ASSIGNMENT
All that should be output is the block of lines below from the line with "USB. Haga clic en &quot;OK&quot;." to the line with "Polabské muzeum rámci", both included, exactly as written.

RECORDS PROVIDED
-------

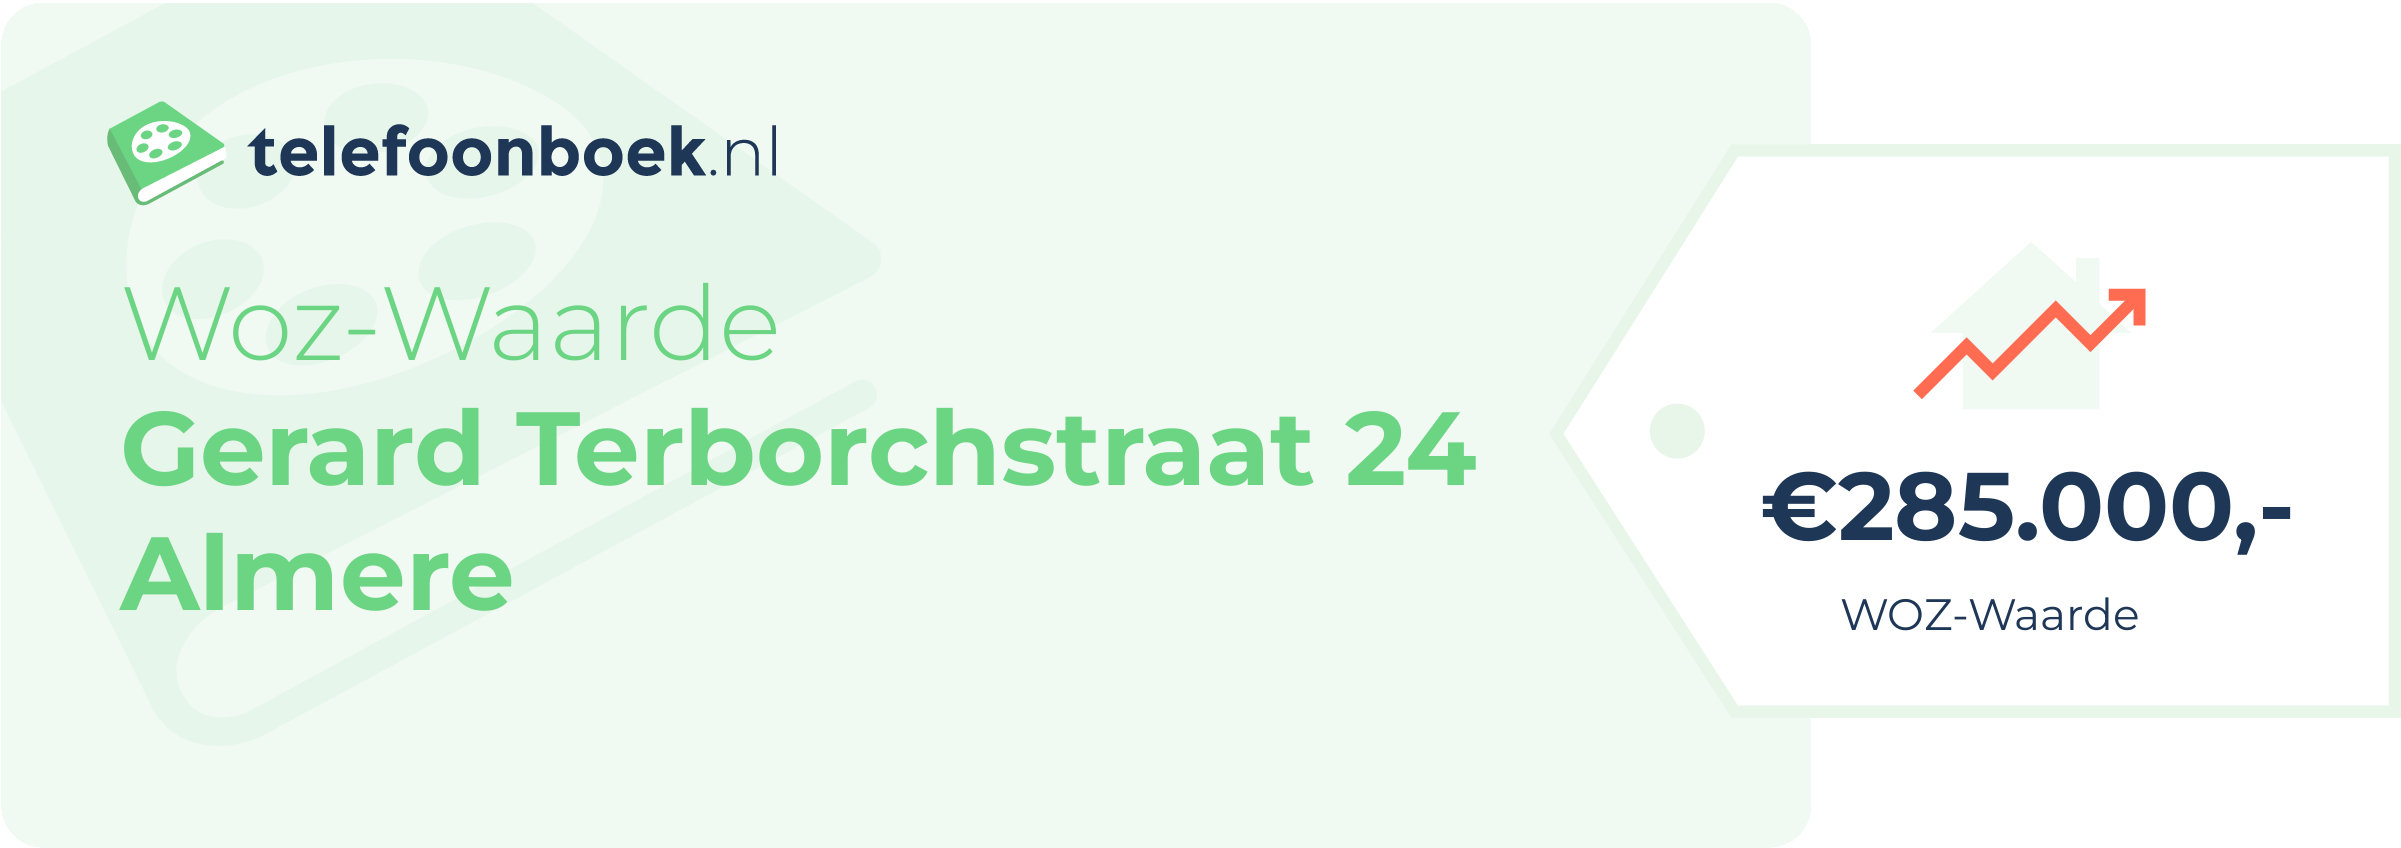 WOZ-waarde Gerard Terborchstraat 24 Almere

-------

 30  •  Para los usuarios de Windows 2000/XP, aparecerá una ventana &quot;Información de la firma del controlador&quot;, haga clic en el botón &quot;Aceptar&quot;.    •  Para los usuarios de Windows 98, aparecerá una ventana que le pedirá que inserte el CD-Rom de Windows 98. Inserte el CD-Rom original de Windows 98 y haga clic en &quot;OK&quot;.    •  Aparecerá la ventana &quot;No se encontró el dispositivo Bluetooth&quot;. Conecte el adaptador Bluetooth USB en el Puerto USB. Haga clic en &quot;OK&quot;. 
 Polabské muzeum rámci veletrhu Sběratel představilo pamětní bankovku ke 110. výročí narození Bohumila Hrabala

-------

OUTPUT BELOW
 30  •  Para los usuarios de Windows 2000/XP, aparecerá una ventana &quot;Información de la firma del controlador&quot;, haga clic en el botón &quot;Aceptar&quot;.    •  Para los usuarios de Windows 98, aparecerá una ventana que le pedirá que inserte el CD-Rom de Windows 98. Inserte el CD-Rom original de Windows 98 y haga clic en &quot;OK&quot;.    •  Aparecerá la ventana &quot;No se encontró el dispositivo Bluetooth&quot;. Conecte el adaptador Bluetooth USB en el Puerto USB. Haga clic en &quot;OK&quot;. 
 Polabské muzeum rámci veletrhu Sběratel představilo pamětní bankovku ke 110. výročí narození Bohumila Hrabala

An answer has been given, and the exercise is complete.